Признаюсь откровенно, я сильно сконфузился и недоволен Мазировым, о чем я уже написал ему в Петербург. Сконфужен и недоволен по той причине, что теперь каждый имеет право полагать, что выставка и пожертвование двух картин были сделаны с целью получить награду, что, согласитесь, в мои лета, в моем положении и имея наши высшие ордена, было бы непростительно, и я первый, признаюсь, окритиковал бы старого товарища, если бы он так поступил, а у меня, к несчастью, так сложилось, несмотря на все мои меры. Я даже писал нашему послу, и он совершенно разделяет мое мнение». Айвазовский действительно выглядит в этом письме растерянным — у всякого талантливого человека найдутся завистники, что же говорить о художнике, вышедшем из нищеты и сделавшем себе имя и колоссальное состояние? Теперь каждый, кому не лень, будет показывать пальцами на старого, жадного и охочего до наград и почестей художника, который специально подстроил все так, чтобы ему вручили очередной орден. Даже если в этом утверждении есть некоторая доля правды, Айвазовский не хотел бы, чтобы о нем пошла подобная молва. Далее, Иван Константинович пишет, что-де высокопоставленные паши неоднократно намекали племяннику Мазирову, что «…раздавая две-три картины учреждениям, следовало бы поднести картину и его величеству, но в ответ на его письмо я наотрез отказался, между тем не избег этого». И вот финальный аккорд — Артим-паша (министр иностранных дел) передает благодарности султана за картину для художественной школы так, будто бы художник адресовал ее непосредственно его величеству, а, следовательно, он теперь просто обязан сделать ответный дар. Чтобы никто не посмел сказать, что Айвазовский вновь с готовностью взялся писать для султана, тот решил пожертвовать ширму с пятью картинами (медальонами), написанную пять лет тому назад в Петербурге. У этого дара есть свои преимущества перед новой картиной — с одной стороны, ширма делалась пять лет назад — уж всяко не новый заказ, с другой стороны, и султан не может чувствовать себя обиженным — не одна, а целых пять картин. Да и ширма изящной резной работы — сама по себе произведение искусства. Кроме того, посылает Айвазовский подарок на адрес посла Нелидова, с тем, чтобы тот сам решил, как правильно будет преподнести ее султану, чтобы никого не обидеть и, упаси боже, не унизить.
«Мне так совестно, что не думаю даже просить о дозволении носить орден, авось так пройдет и не узнают.
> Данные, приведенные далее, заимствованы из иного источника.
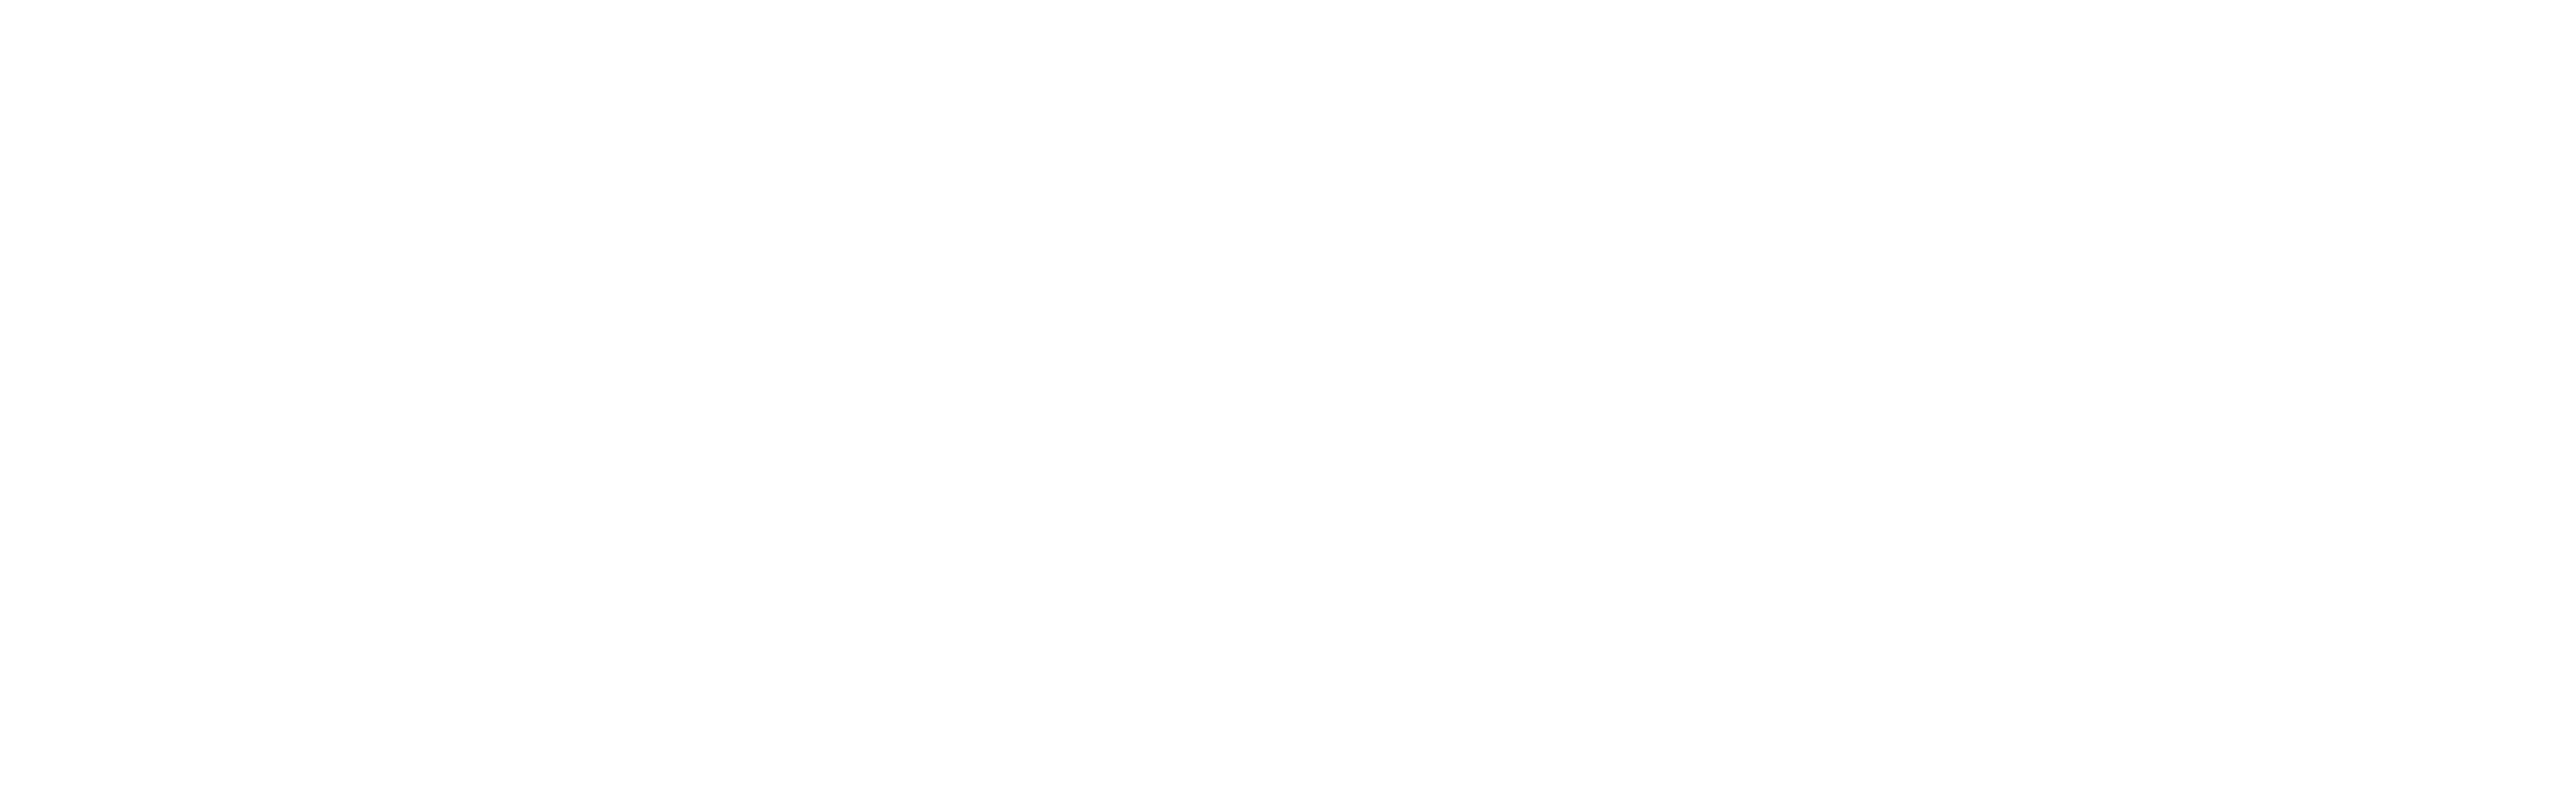 logo-pulsalys
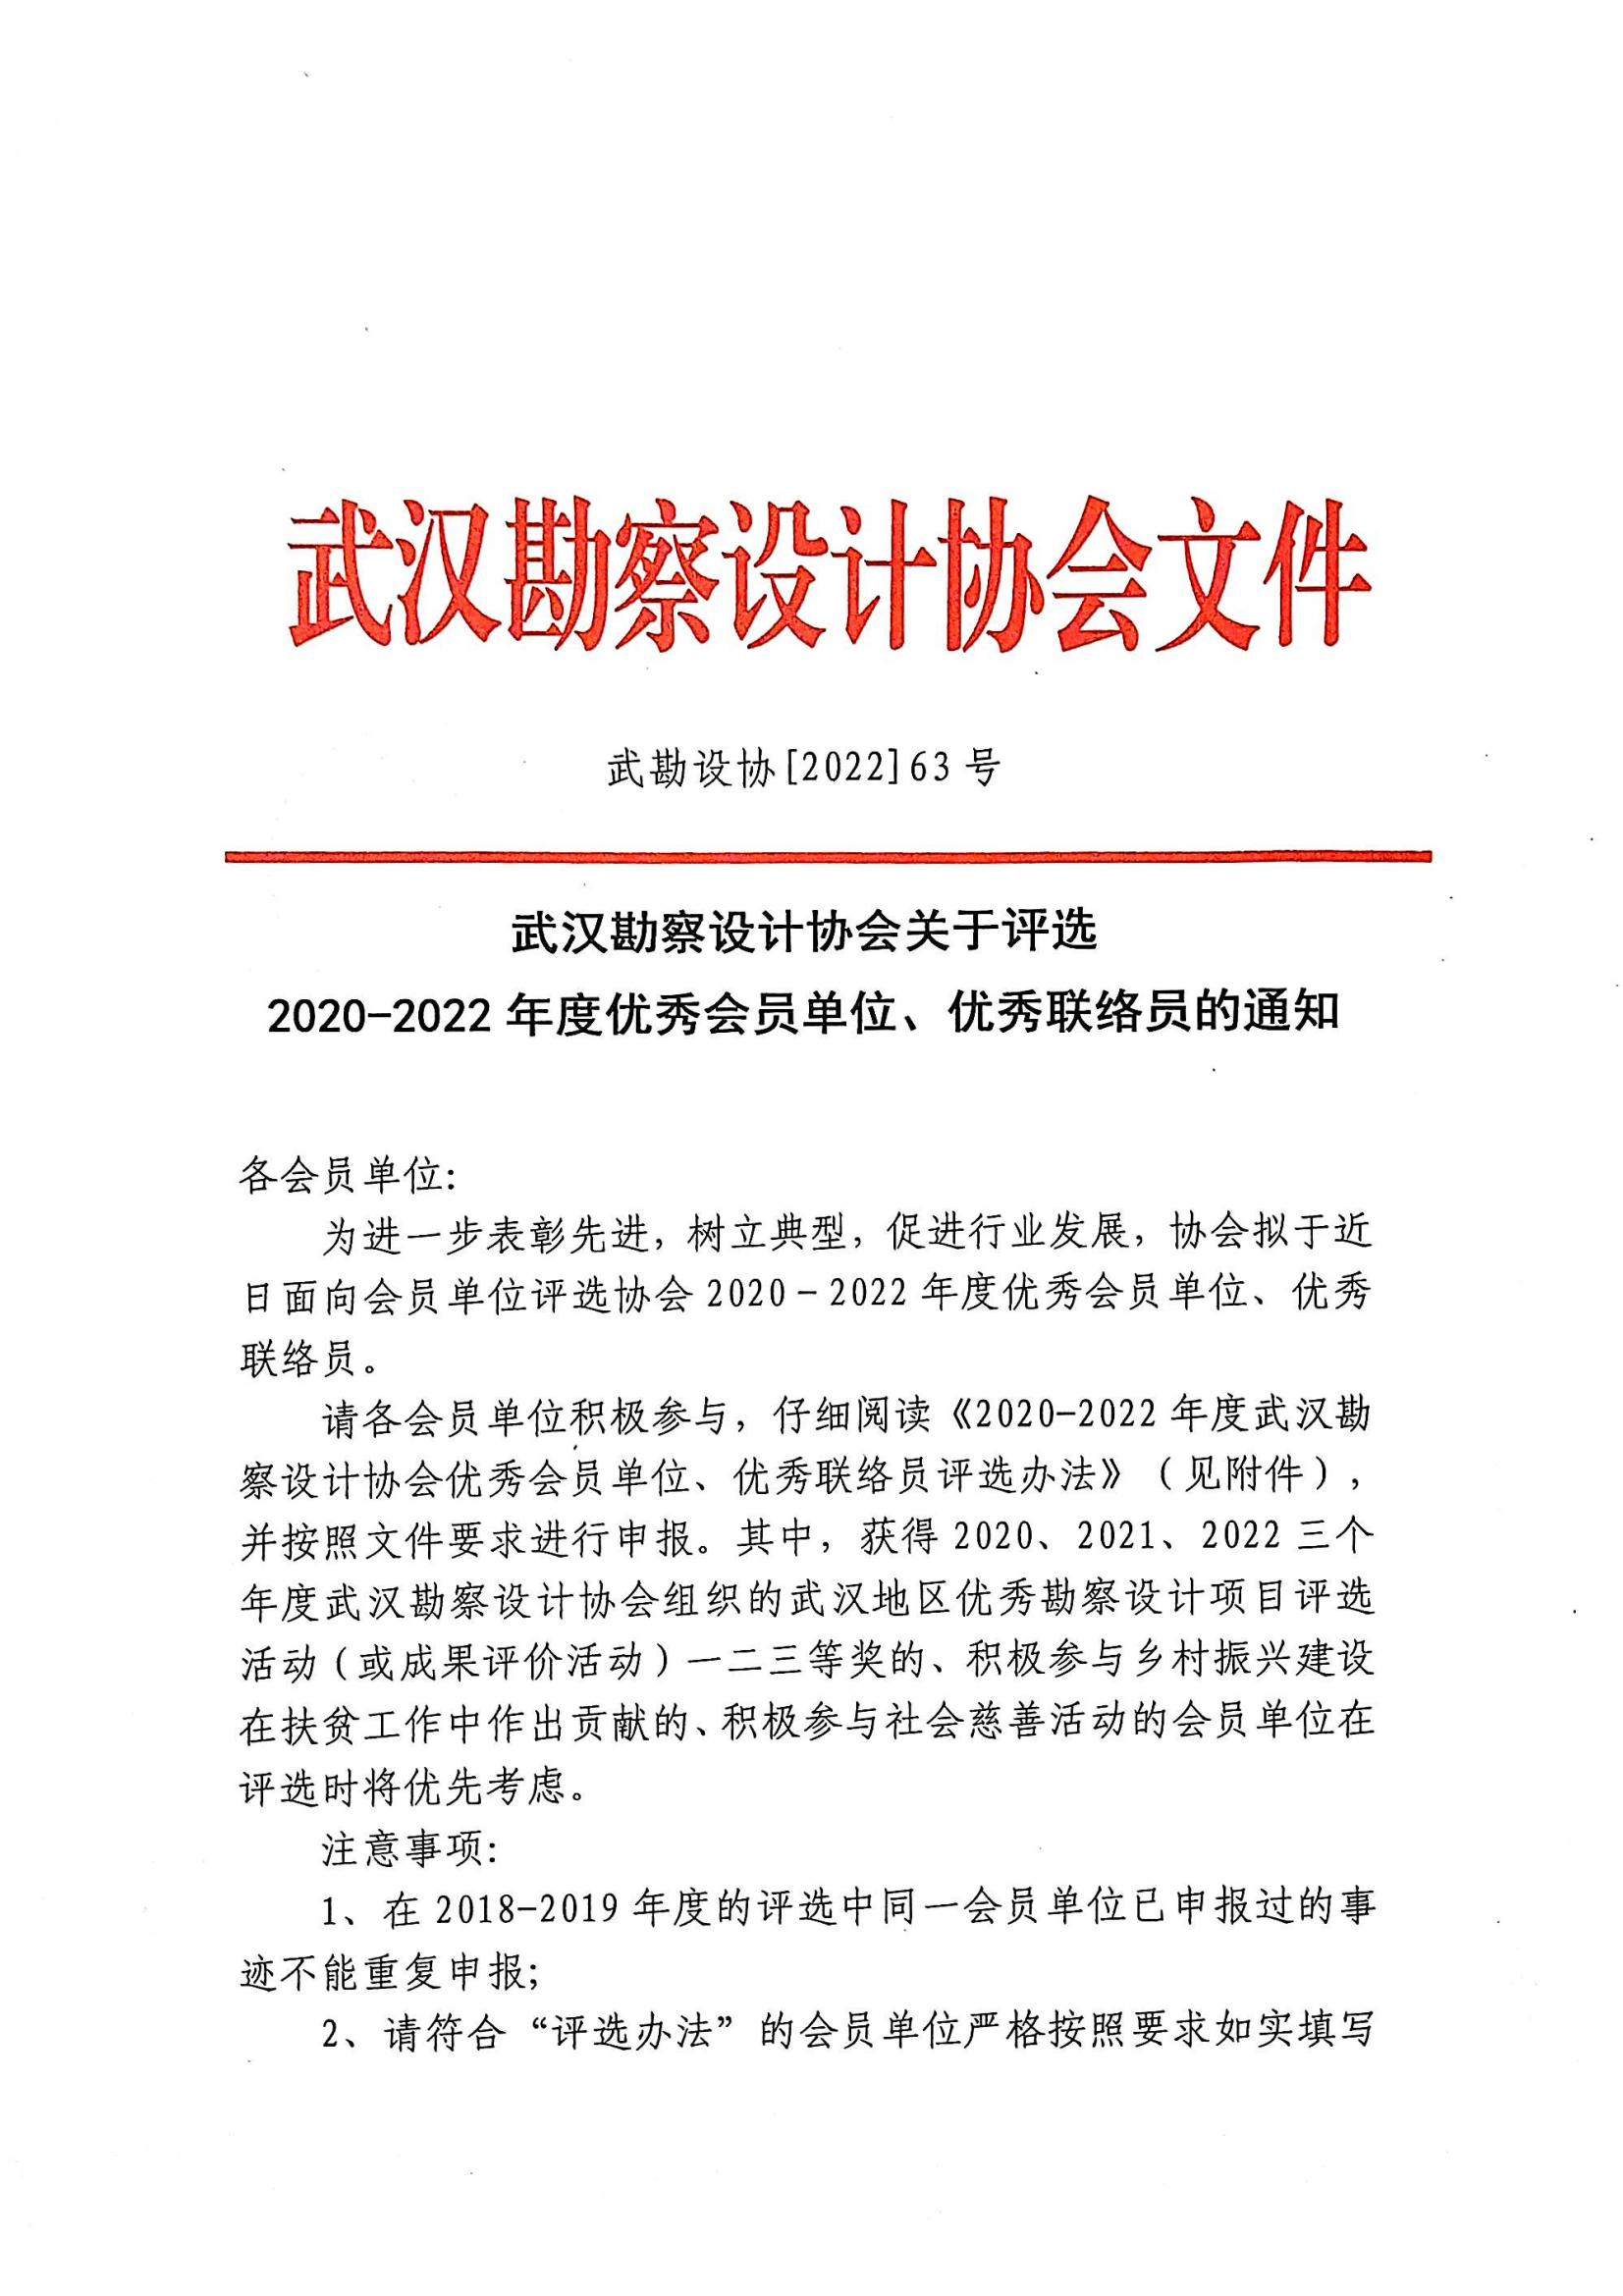 武汉勘察设计协会关于评选2020-2022年度优秀会员单位、优秀联络员的通知

Если же обнаружится, то прошу Вас покорнейше при случае рассказать его императорскому высочеству президенту, как это случилось, и ежели нужно испросить разрешение на поднесение султану вышесказанного подарка, то прошу телеграфировать, если не позволяется; ежели же не есть преступление, то посол наш представит».
Тем не менее тема ордена не оставляет Айвазовского, так, 5 мая 1889 года, он вынужден снова поднимать ее в личной переписке с Г. А. Эзовым: «…маленькая просьба: при свидании с добрейшим Матвеем Авелевичем передать мой привет и просьбу, чтобы узнал в Азиатском департаменте, что за причина, что до сих пор не выслали мне меджидие 1-й степени, который лежит у них более двух месяцев»? Действительно, если уж его будут костерить в связи с якобы выпрошенной наградой, хорошо было бы эту самую награду, для начала, хотя бы получить».
Тем не менее он вновь вынужден пускаться в тягостные объяснения о предпосылках получения треклятого ордена: «Мазирову мною было поручено не навязываться султану с просьбою осмотреть картины во дворце или на выставке, тем более — поднести что-нибудь. Как это было, не помню в точности, но местные высокопоставленные особы заметили, что следовало бы его величеству, но я боялся подобным шагом вызвать султана на покупку картины или награды. Несмотря на это, все-таки, надо полагать, за картину в турецкое учреждение получил награду.
После этого я нашел уже нужным послать ширму с пятью медалями, вписанными мною, от которых султан был в восторге (прислал мне письмо Артим-паша), но я полагаю, что другим, не знающим подробности, не понравилось все это, хотя не имеют никаких данных». Итак, письмо Эзову очередная попытка докричаться через последнего до Двора, до знакомых, которым вся история будет передана в черном свете.
Мы не знаем, искал ли Айвазовский этой награды, нет. Тем не менее из цитируемых выше писем можно понять, что до самого Ивана Константиновича доходили нелицеприятные слухи, которые он всячески пытался опровергнуть, отстояв тем самым свое доброе имя. Айвазовский переживал случившееся, тем не менее инцидент не стал поводом для депрессии, последнее вообще было несвойственно его жизнелюбивой натуре. Он пишет «Спасителя, ходящего по водам» и передает картину в дар Православному палестинскому обществу в Таганроге для последующей передачи в странноприимный дом.